▼▼▼
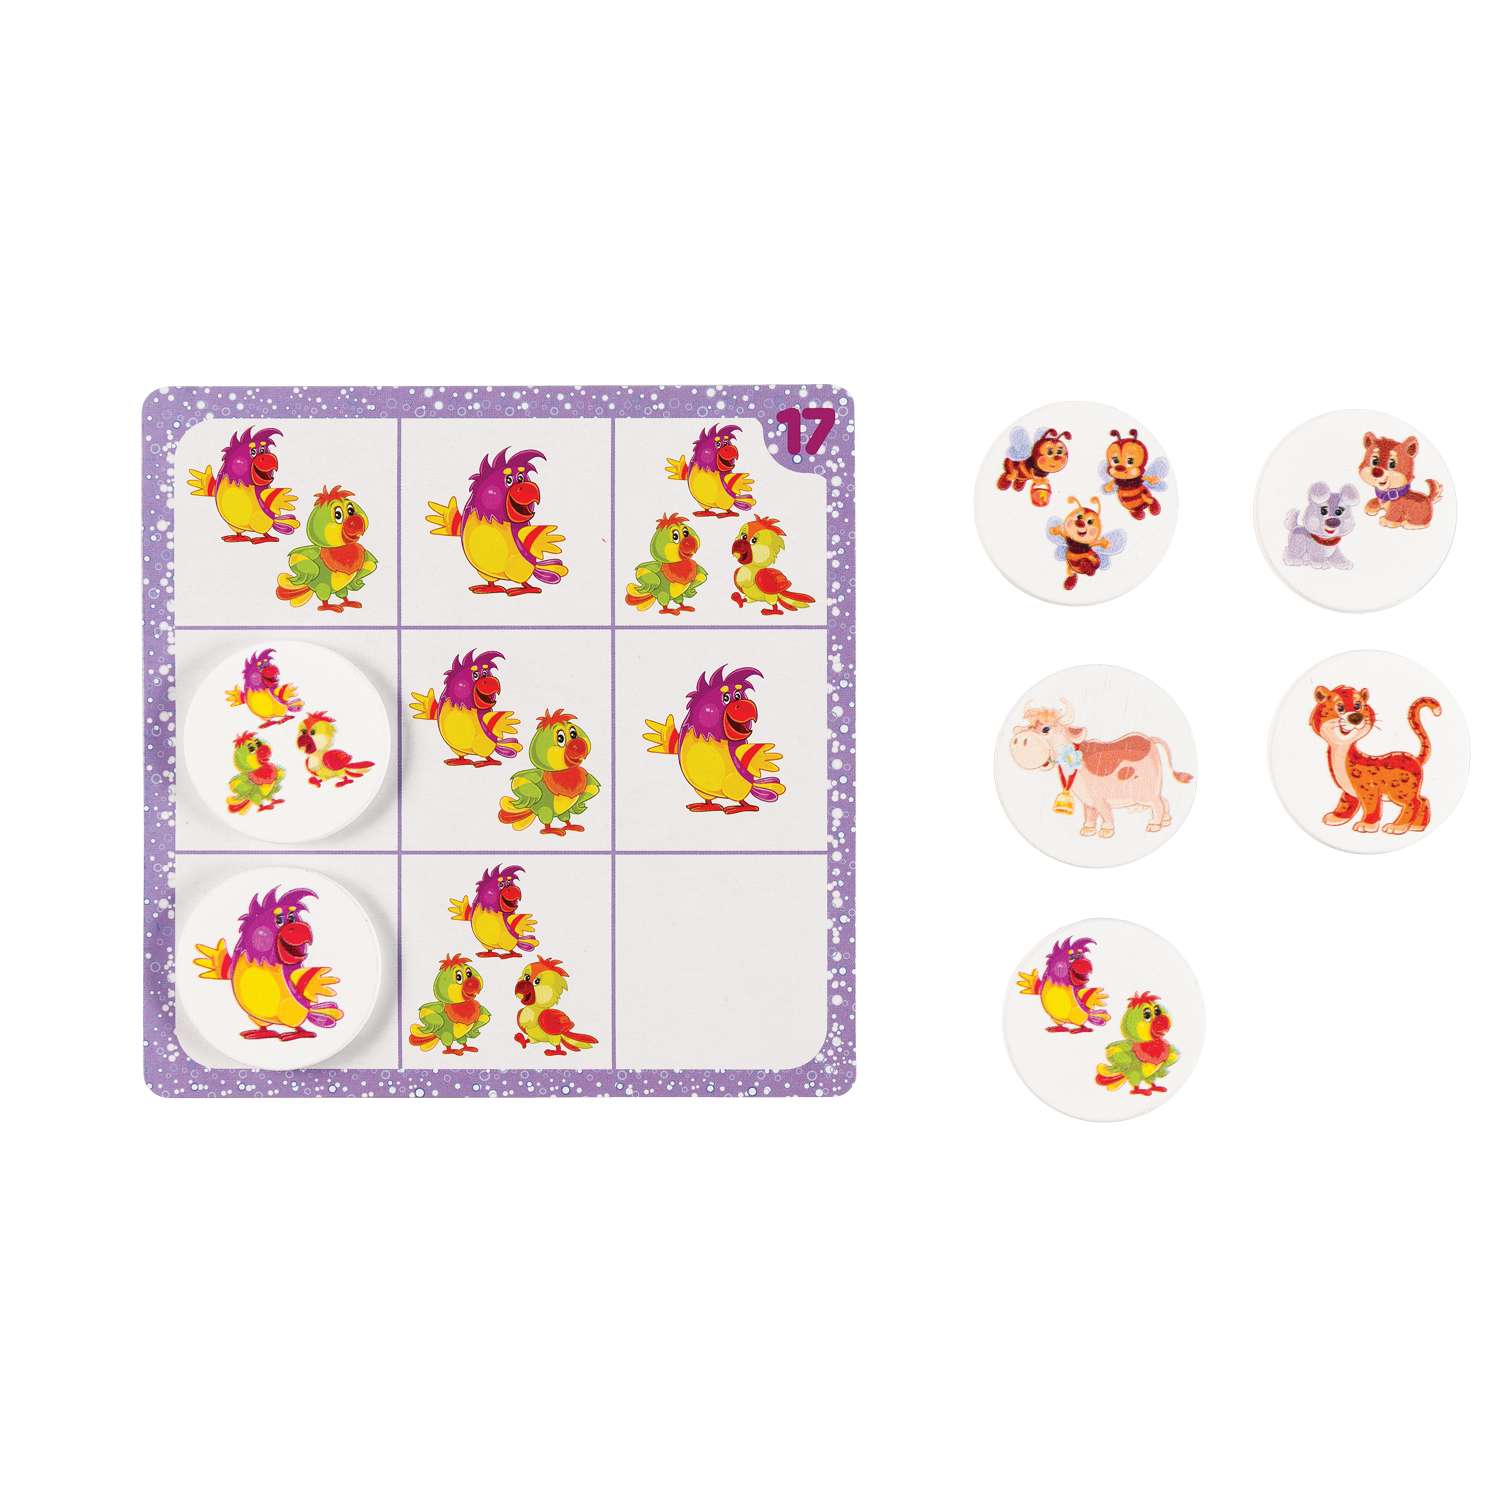 Игра развивающая Step Puzzle Животные Судоку для самых маленьких IQ step 89832 - фото 4
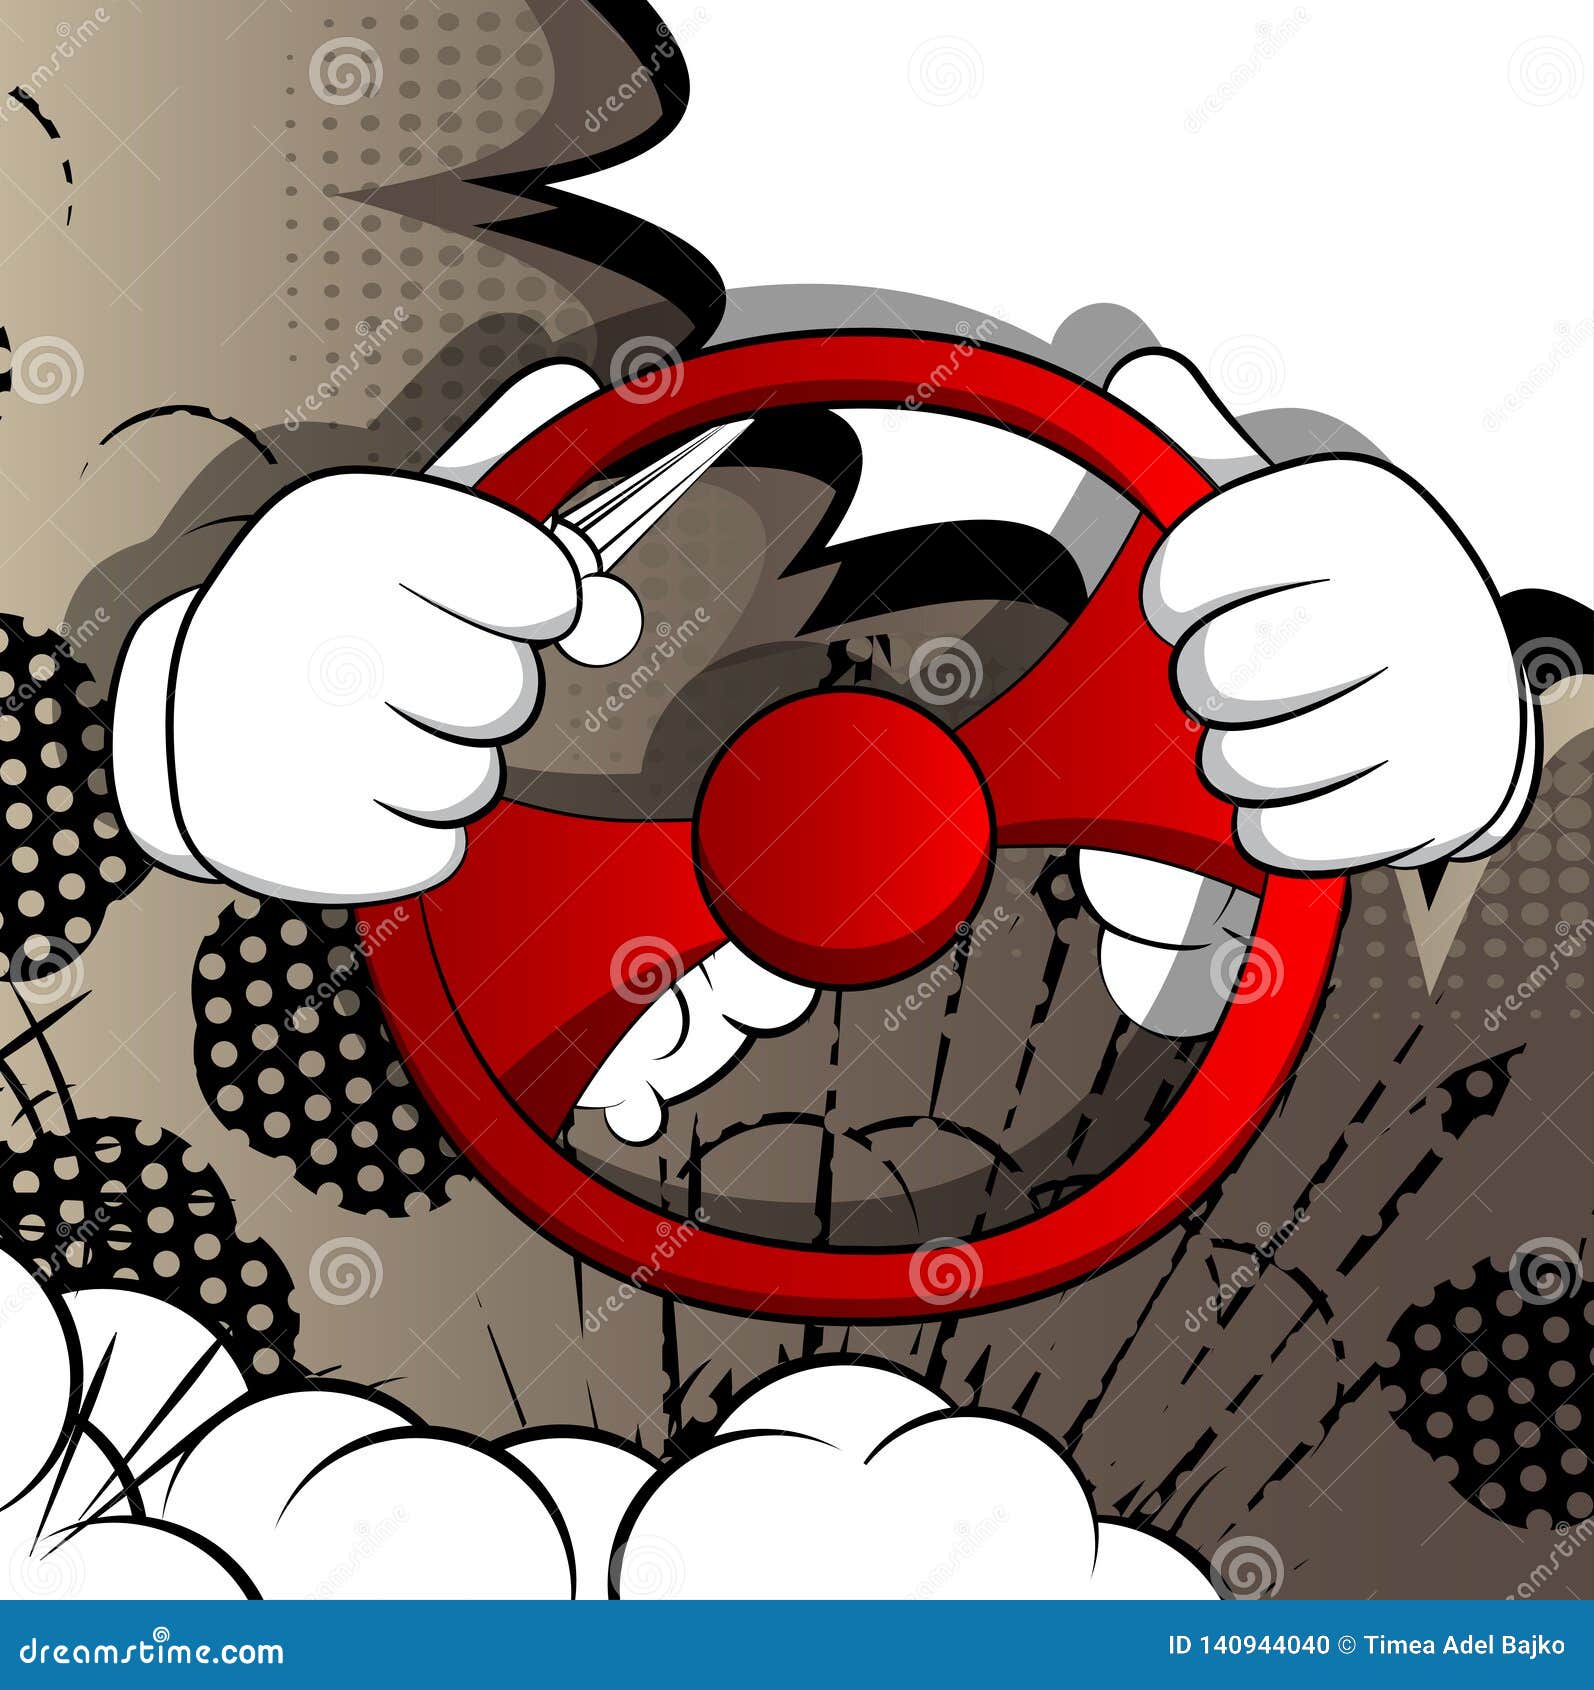 Steering Wheel Cartoon Hands Stock Illustrations – 174 Steering Wheel  Cartoon Hands Stock Illustrations, Vectors & Clipart - Dreamstime
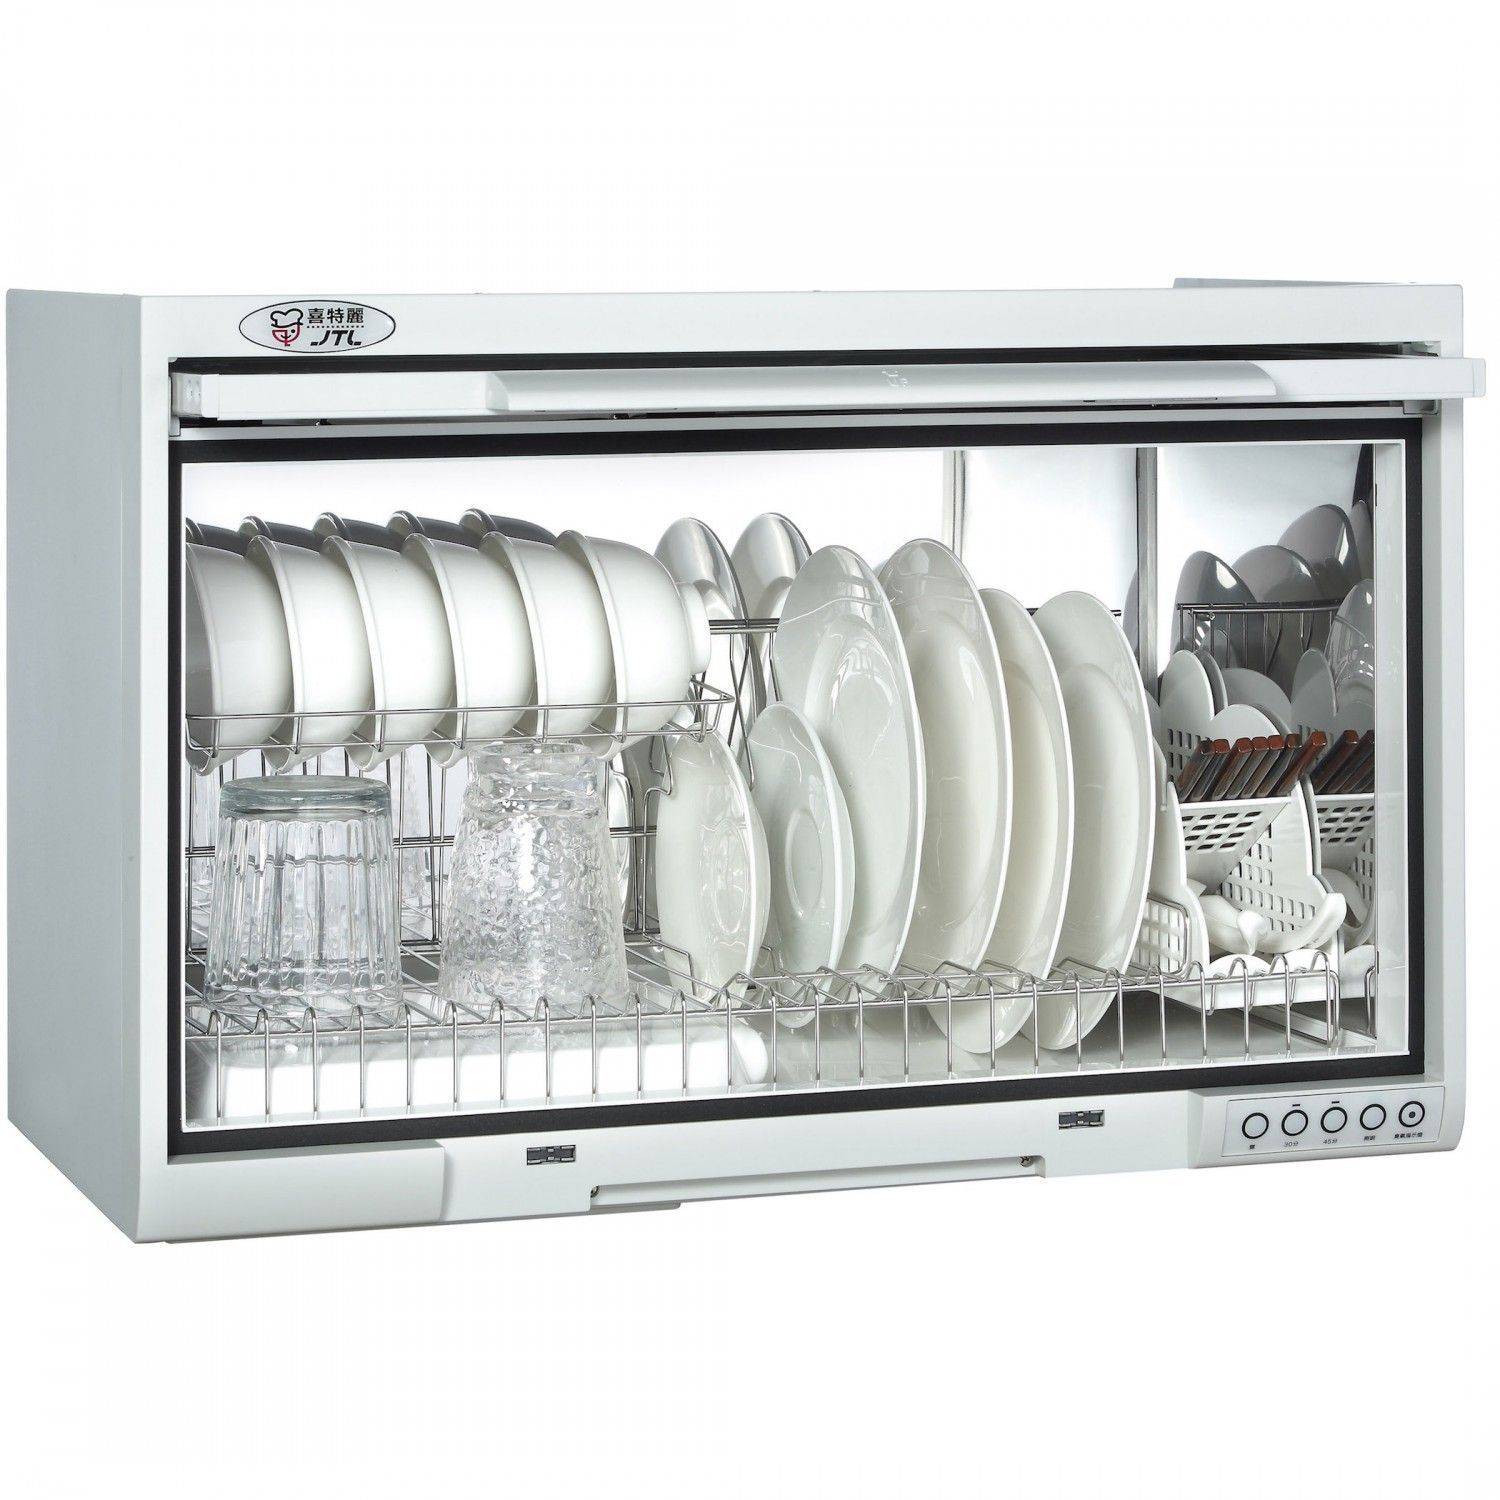 喜特麗 JT-3760Q  臭氧型烘碗機-塑膠筷架-60cm(白色)
▲▲▲
**WORK ITEM**
Nothing but the lines from the one containing "Steering Wheel Cartoon" through the end of the listing is to be output, and those lines are to be output exactly, pictures excluded.

**ANSWER AREA**
 Steering Wheel Cartoon Hands Stock Illustrations – 174 Steering Wheel  Cartoon Hands Stock Illustrations, Vectors & Clipart - Dreamstime
 喜特麗 JT-3760Q  臭氧型烘碗機-塑膠筷架-60cm(白色)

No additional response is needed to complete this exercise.